3.2. Effects of SPI on pupal weight, pupation %, and adult emergency of 4th larval instar of S. littoralis:
The present work reflected that there was a significant reduction in the pupal weight; the highest reduction was at larvae fed on SPI F60%. There was no significant difference in pupal weight between control larvae and larvae fed on SPI F30%.
There was also, reduction in the pupation rate from 83% to 80% at SPI F60% and SPI F30%, respectively, while in the untreated larvae it recorded 92%.
In addition, the adult emergency delayed 36h in larvae fed on SPI F30% compared with control which began emergency after 10 days of pupation. The adult emergency rate decreased, which only 50% of the larvae fed on SPI F30% emerged and 75% of the larvae fed on SPI F60% emerged.

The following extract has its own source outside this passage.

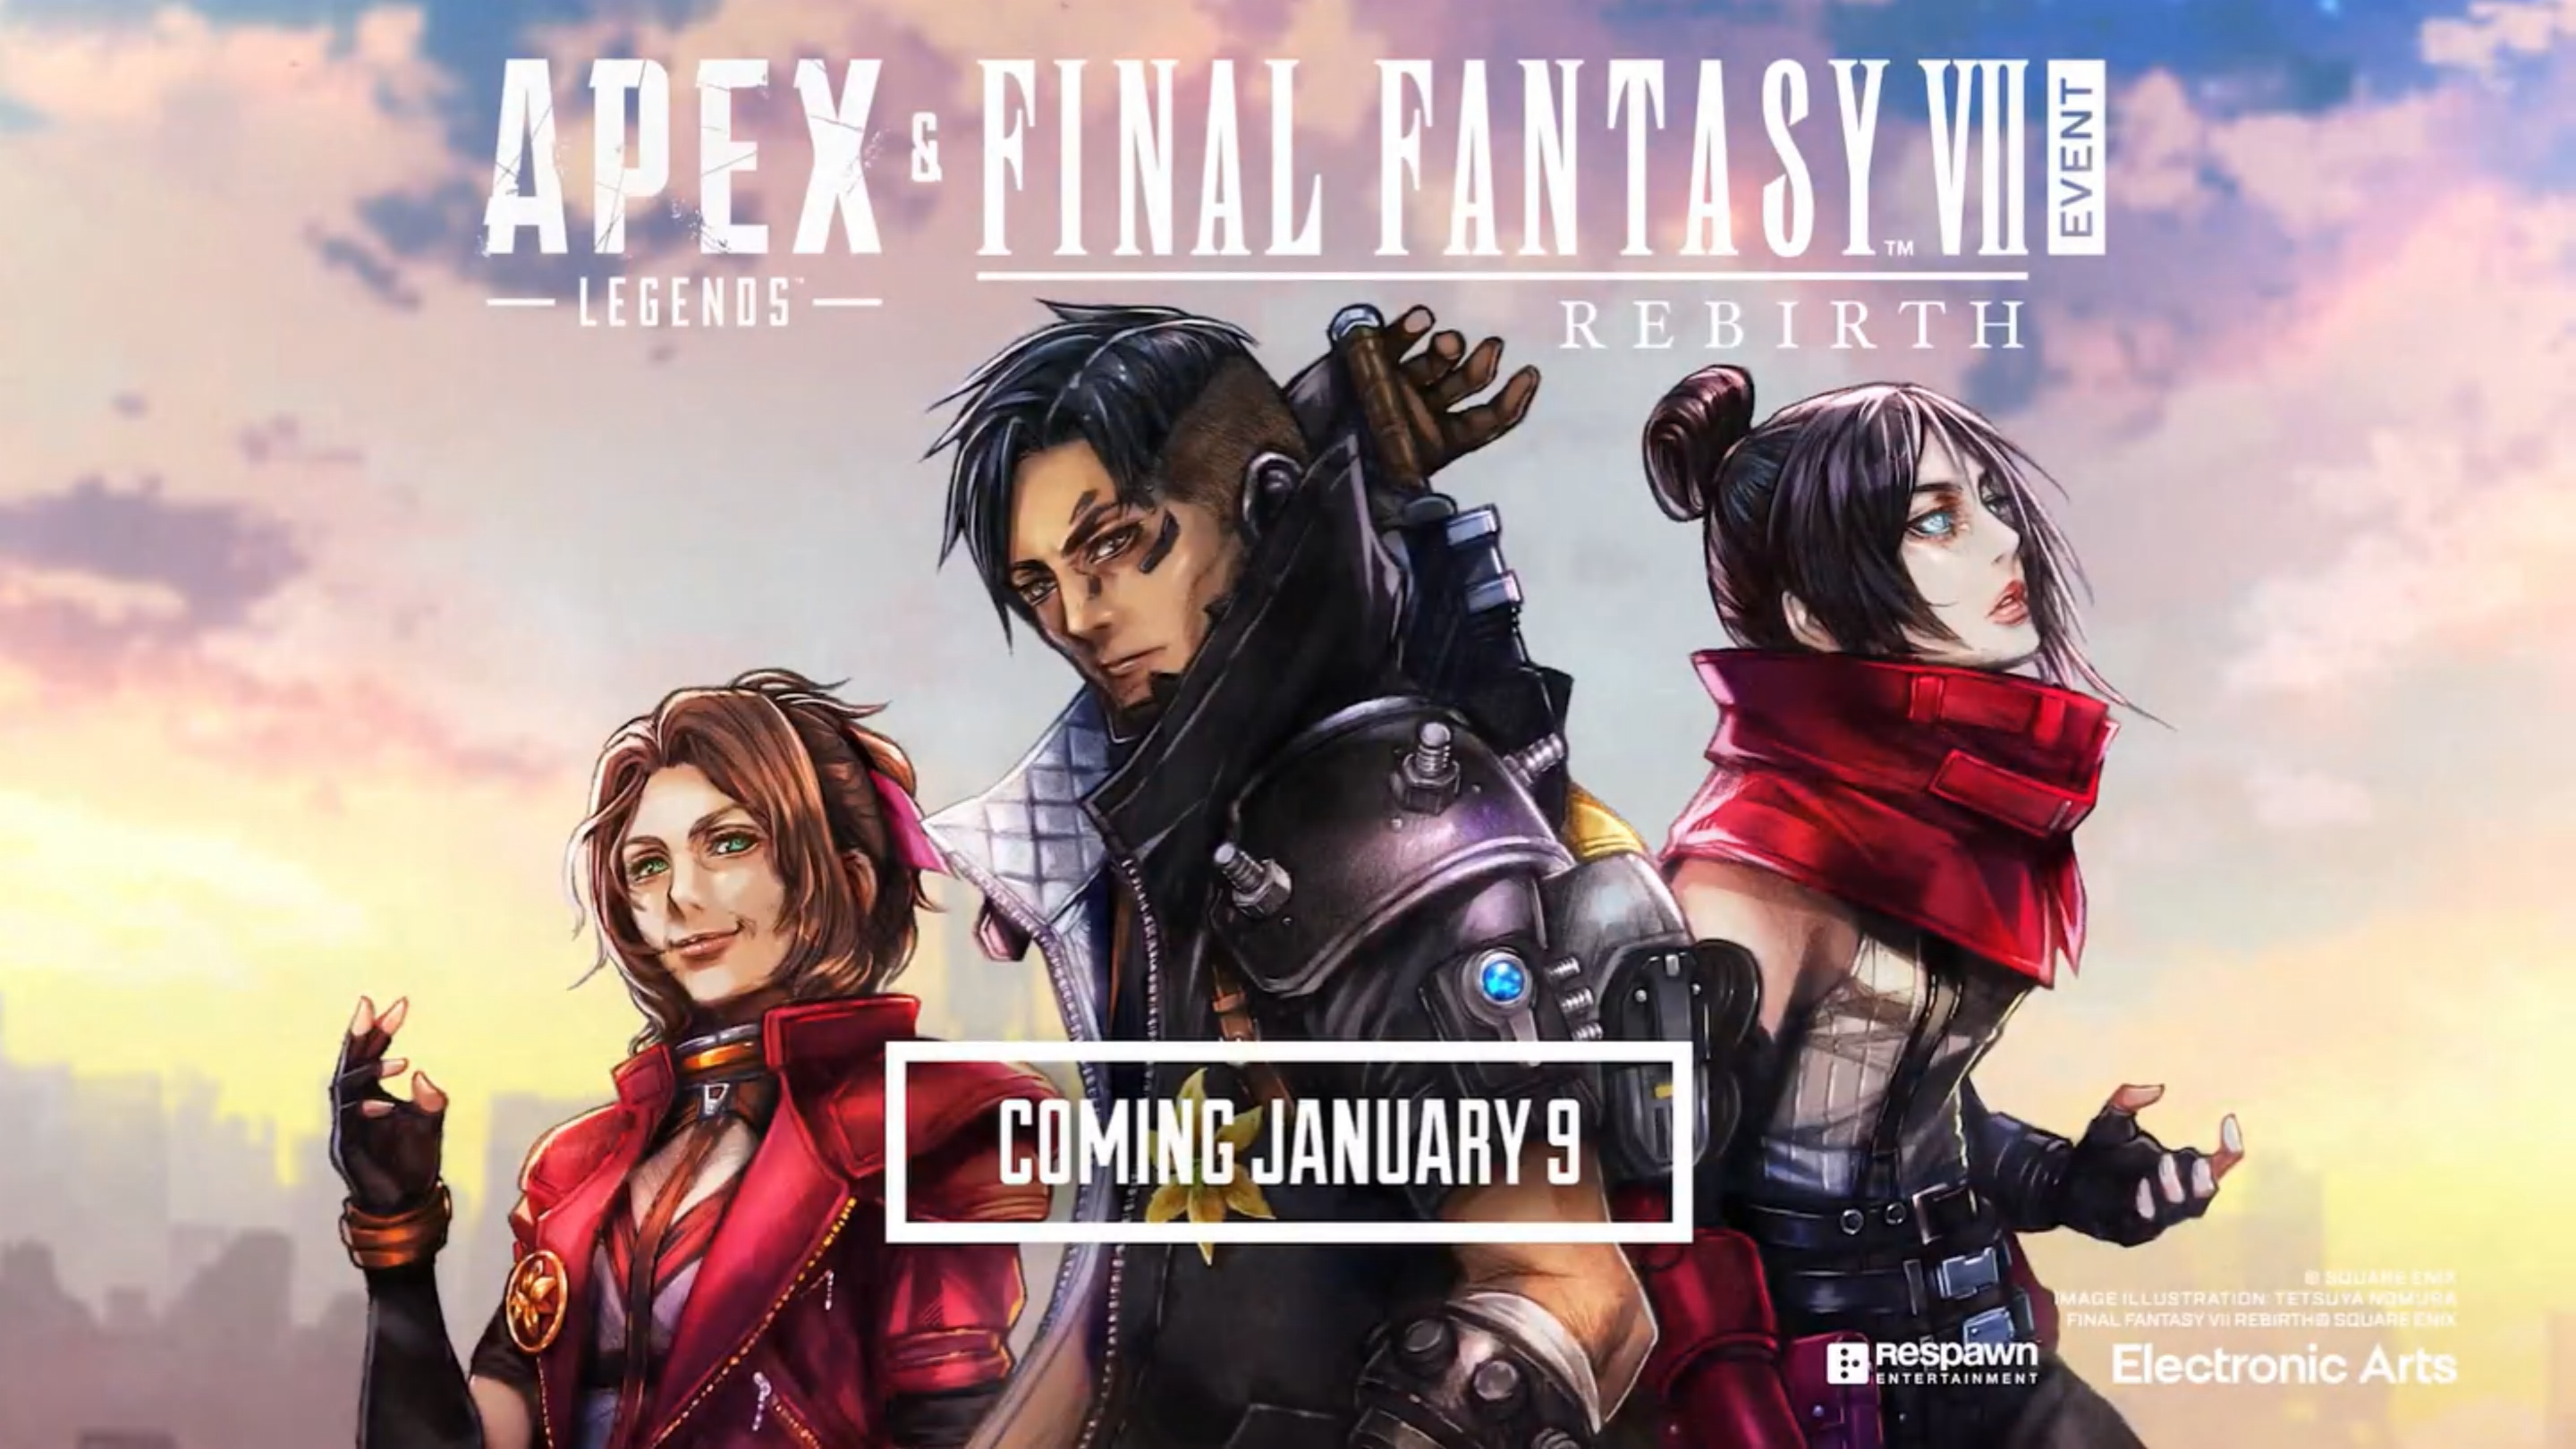 FFVII Ever Crisis x Final Fantasy IX Crossover Announced - Siliconera

4. Zymogram analysis of trypsin-like enzyme activity after feeding 4th instar larvae of S. littoralis 24h on SPI:
The results cleared that little difference in the thickness of cleared zones between the control, SPI F30% and SPI F60%. That is mean little inhibition in the trypsin activity in treated larvae with SPI F30% and SPI F60%.
On the other hand, no differences between the thicknesses of clear zones in control and SPI F90%. Therefore, trypsin activity in treated larvae with SPI F90% did not different than control.